Exercise objective:
Exactly reproduce the lines from the top of the entries below through the line containing "un tant per", with both ends included.

[Extracted records]
--------------------------------
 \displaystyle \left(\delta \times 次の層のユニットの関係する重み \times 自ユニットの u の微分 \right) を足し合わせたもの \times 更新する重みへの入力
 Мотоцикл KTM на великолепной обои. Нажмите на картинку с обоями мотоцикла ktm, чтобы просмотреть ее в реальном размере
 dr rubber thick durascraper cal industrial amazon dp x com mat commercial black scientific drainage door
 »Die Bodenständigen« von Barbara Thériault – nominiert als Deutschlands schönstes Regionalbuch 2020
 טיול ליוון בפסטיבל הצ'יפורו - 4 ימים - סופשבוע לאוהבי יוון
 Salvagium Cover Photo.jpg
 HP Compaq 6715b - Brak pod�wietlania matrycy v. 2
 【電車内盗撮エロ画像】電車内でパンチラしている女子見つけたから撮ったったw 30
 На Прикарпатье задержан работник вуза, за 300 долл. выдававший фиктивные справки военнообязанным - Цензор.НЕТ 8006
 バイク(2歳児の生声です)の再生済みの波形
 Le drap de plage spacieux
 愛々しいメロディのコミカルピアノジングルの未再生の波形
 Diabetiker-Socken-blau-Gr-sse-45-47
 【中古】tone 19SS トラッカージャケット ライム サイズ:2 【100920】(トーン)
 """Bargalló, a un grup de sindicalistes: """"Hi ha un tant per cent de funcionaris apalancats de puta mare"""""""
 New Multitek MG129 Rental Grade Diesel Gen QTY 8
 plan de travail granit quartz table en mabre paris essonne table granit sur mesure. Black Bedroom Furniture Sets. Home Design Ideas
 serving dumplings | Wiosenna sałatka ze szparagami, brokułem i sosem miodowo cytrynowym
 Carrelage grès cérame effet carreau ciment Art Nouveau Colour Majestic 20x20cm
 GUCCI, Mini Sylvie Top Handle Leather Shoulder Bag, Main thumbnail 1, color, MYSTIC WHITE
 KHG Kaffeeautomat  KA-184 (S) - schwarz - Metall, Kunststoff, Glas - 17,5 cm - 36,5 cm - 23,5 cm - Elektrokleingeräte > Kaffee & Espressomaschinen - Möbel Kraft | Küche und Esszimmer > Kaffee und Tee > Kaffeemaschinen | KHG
--------------------------------
Output of the exercise:
 \displaystyle \left(\delta \times 次の層のユニットの関係する重み \times 自ユニットの u の微分 \right) を足し合わせたもの \times 更新する重みへの入力
 Мотоцикл KTM на великолепной обои. Нажмите на картинку с обоями мотоцикла ktm, чтобы просмотреть ее в реальном размере
 dr rubber thick durascraper cal industrial amazon dp x com mat commercial black scientific drainage door
 »Die Bodenständigen« von Barbara Thériault – nominiert als Deutschlands schönstes Regionalbuch 2020
 טיול ליוון בפסטיבל הצ'יפורו - 4 ימים - סופשבוע לאוהבי יוון
 Salvagium Cover Photo.jpg
 HP Compaq 6715b - Brak pod�wietlania matrycy v. 2
 【電車内盗撮エロ画像】電車内でパンチラしている女子見つけたから撮ったったw 30
 На Прикарпатье задержан работник вуза, за 300 долл. выдававший фиктивные справки военнообязанным - Цензор.НЕТ 8006
 バイク(2歳児の生声です)の再生済みの波形
 Le drap de plage spacieux
 愛々しいメロディのコミカルピアノジングルの未再生の波形
 Diabetiker-Socken-blau-Gr-sse-45-47
 【中古】tone 19SS トラッカージャケット ライム サイズ:2 【100920】(トーン)
 """Bargalló, a un grup de sindicalistes: """"Hi ha un tant per cent de funcionaris apalancats de puta mare"""""""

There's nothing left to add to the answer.